Towards systems theories
The roots of systems thinking lie in physics and the natural sciences. Ludvig von Bertalanffy, commonly acknowledged as the founder of the systems movement, was the first scholar to develop the concept outside the discipline of physics. Talcott Parsons, then, introduced systems thinking into sociology (e.g., Parsons, 1951), using system as an analytical tool for understanding social structures and the way they work. By the end of the 1950s, systemic thought had spread to almost all scientific disciplines. To coordinate the extremely heterogeneous field, the Society for General Systems Research was established in 1954 (Boulding, 1988, p. 33; Von Bertalanffy, 1972, p. 28).
Von Bertalanffy (e.g., 1950, 1968) advanced the concept of open system as a counterpart to the closed systems models that had been developed in the field of physics. Open systems are adaptive to their environment through feedback loops and strive to maintain a steady state. Von Bertalanffy was followed by several other scholars who rejected the former mechanistic view in favour of the organic nature of systems. One of the main trends in the American branch of systems thinking was system dynamics. This concept was developed by Forrester (e.g., 1968), who began to apply the insights of electrical engineering to analysing the behaviour of human and other systems. System dynamics thinking is where people live in a network of feedback structures (economic, political and ecological) whose properties are seen as the determinants of most problems (Bloomfield, 1986, p. viii). Direct or indirect applications of open systems thinking have produced many variations in the field (Stähle, 1998, pp. 29-54).

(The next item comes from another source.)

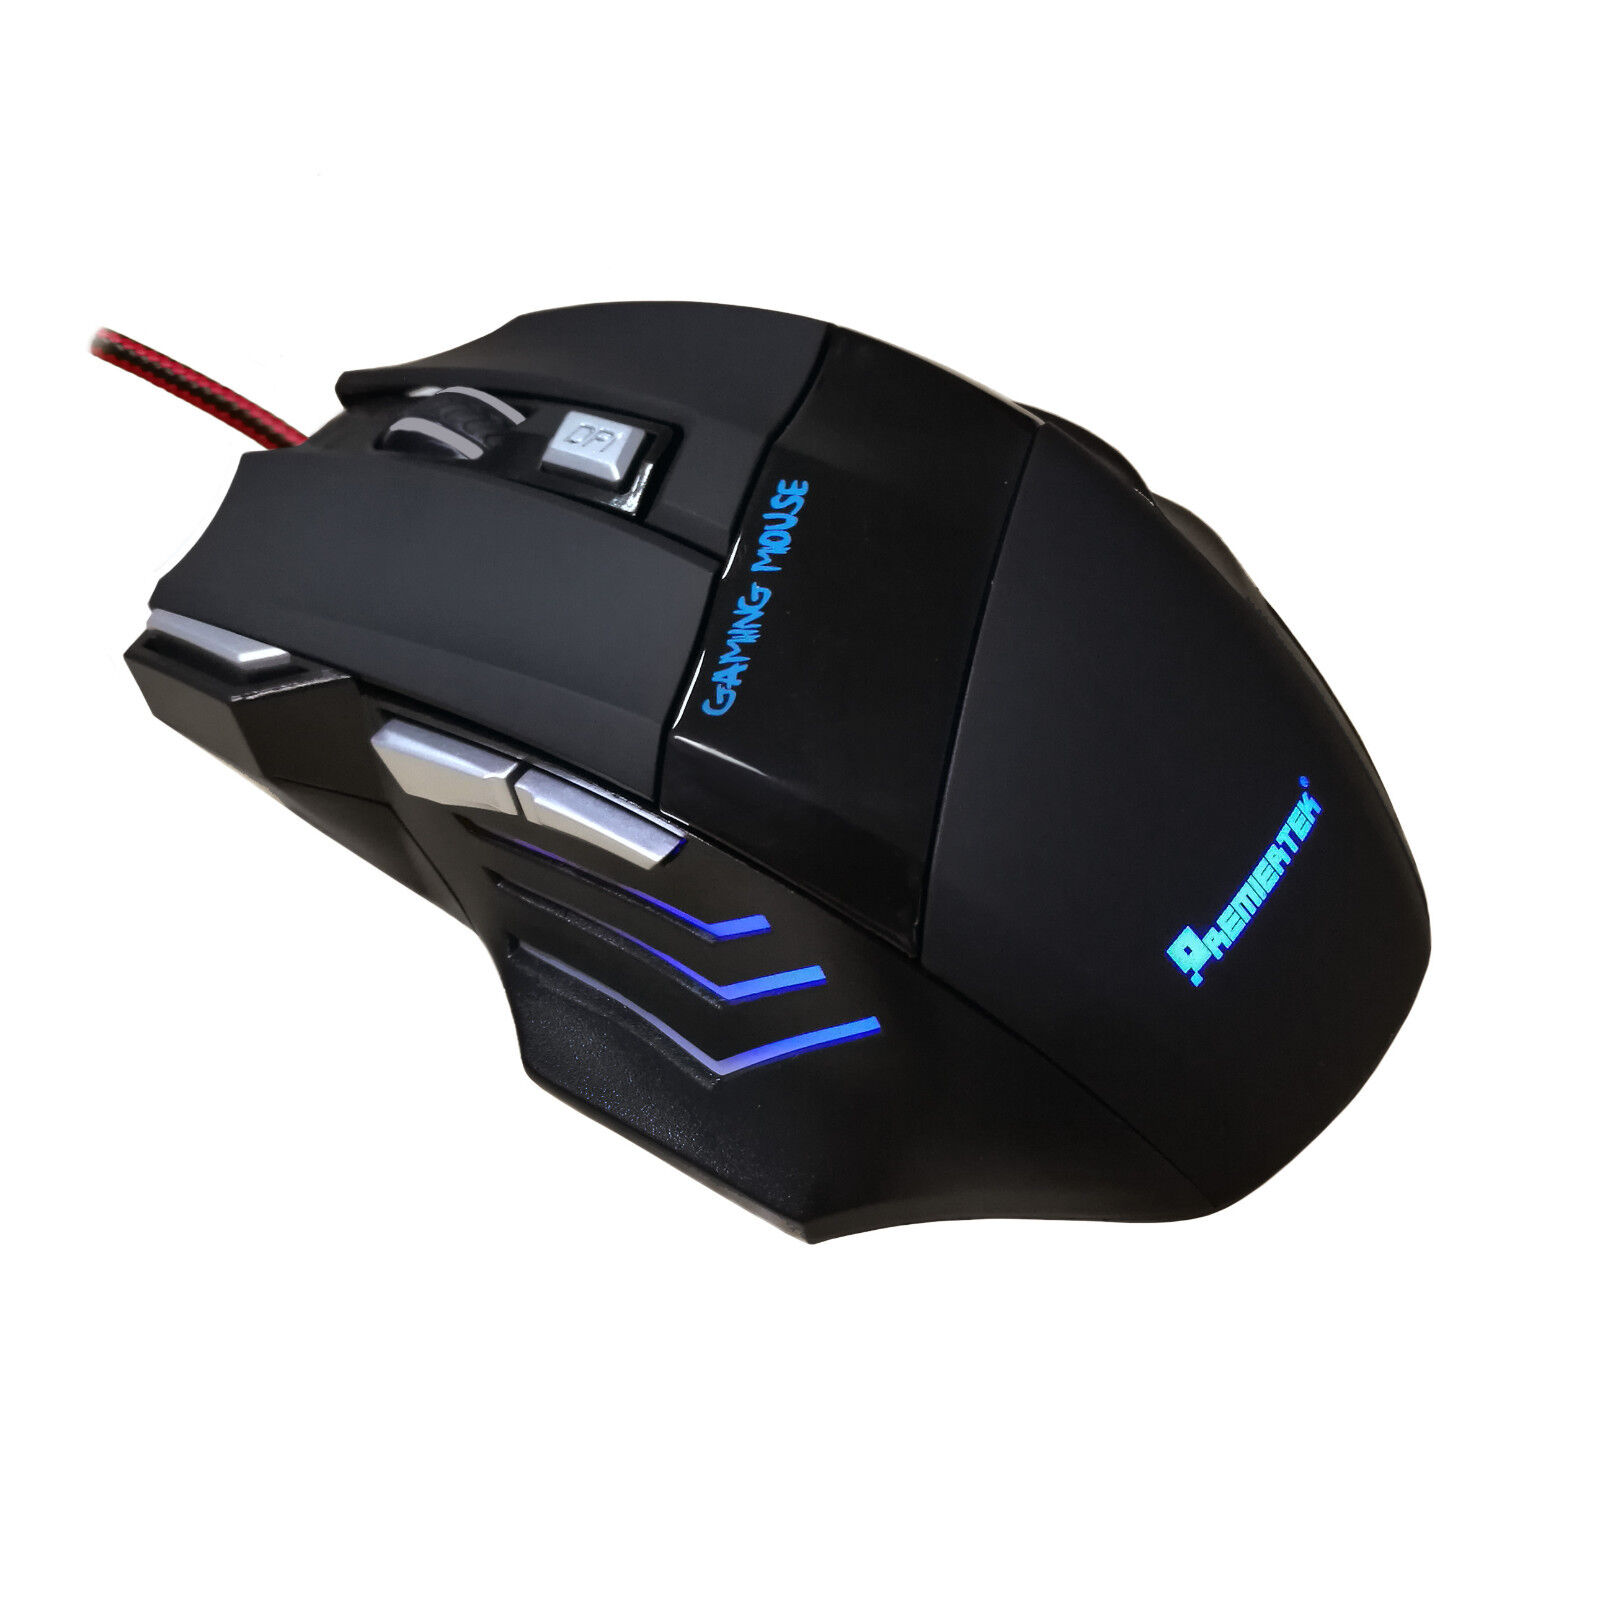 terugtrekken Verschrikkelijk Vermeend Premiertek GM-702 7-Button USB LED Gaming Mouse for sale online | eBay

In the 1960s a new systems thinking trend began to evolve that was not grounded in the open systems perspective, but which turned the focus to the unpredictable and chaotic behaviour of systems (instead of the steady state) and towards the unpredictable dynamics of systems (instead of feedback processes). This new viewpoint, which later became known as the “science of chaos” and/or “complexity research”, evolved from the work of numerous scholars in different fields (Stähle, 2008).
These trends led to a new research approach known as complexity theory (CT) or complex adaptive systems (CAS) theory (Holland, 1995; Kauffman, 1993; Mitchell, 2009; Poutanen & Stähle, 2014). Although the two terms have been used interchangeably, CAS is possibly a more coherent strand of study, whereas “complexity theory” refers in general sense to the use of approaches and concepts derived from the study of complex systems. Complexity refers to phenomena like non-linear relationships, systemic interaction, boundary problems, emergence, and adaptation (Cilliers, 2011; Poutanen & Stähle, 2014). The CT and CAS perspectives have been applied in many studies from organisational and management studies to public policy, health, communication, and engineering research (ibid.). CT originates in the natural sciences, but there is now a growing trend to study social organisations as CAS. Complex systems, such as the human brain, organisations or markets, are capable of adapting and responding to environmental changes and exhibiting self-organising, emergent patterns of behaviour (Poutanen, Soliman, & Stähle, 2016; Poutanen & Stähle, 2014; Stähle & Äberg, 2015). Along with CT research, there has also been growing interest in innovation ecosystems, which refer to complexity and to the multifaceted co-creation of innovations and the role of virtual innovation platforms (Karakas, 2009).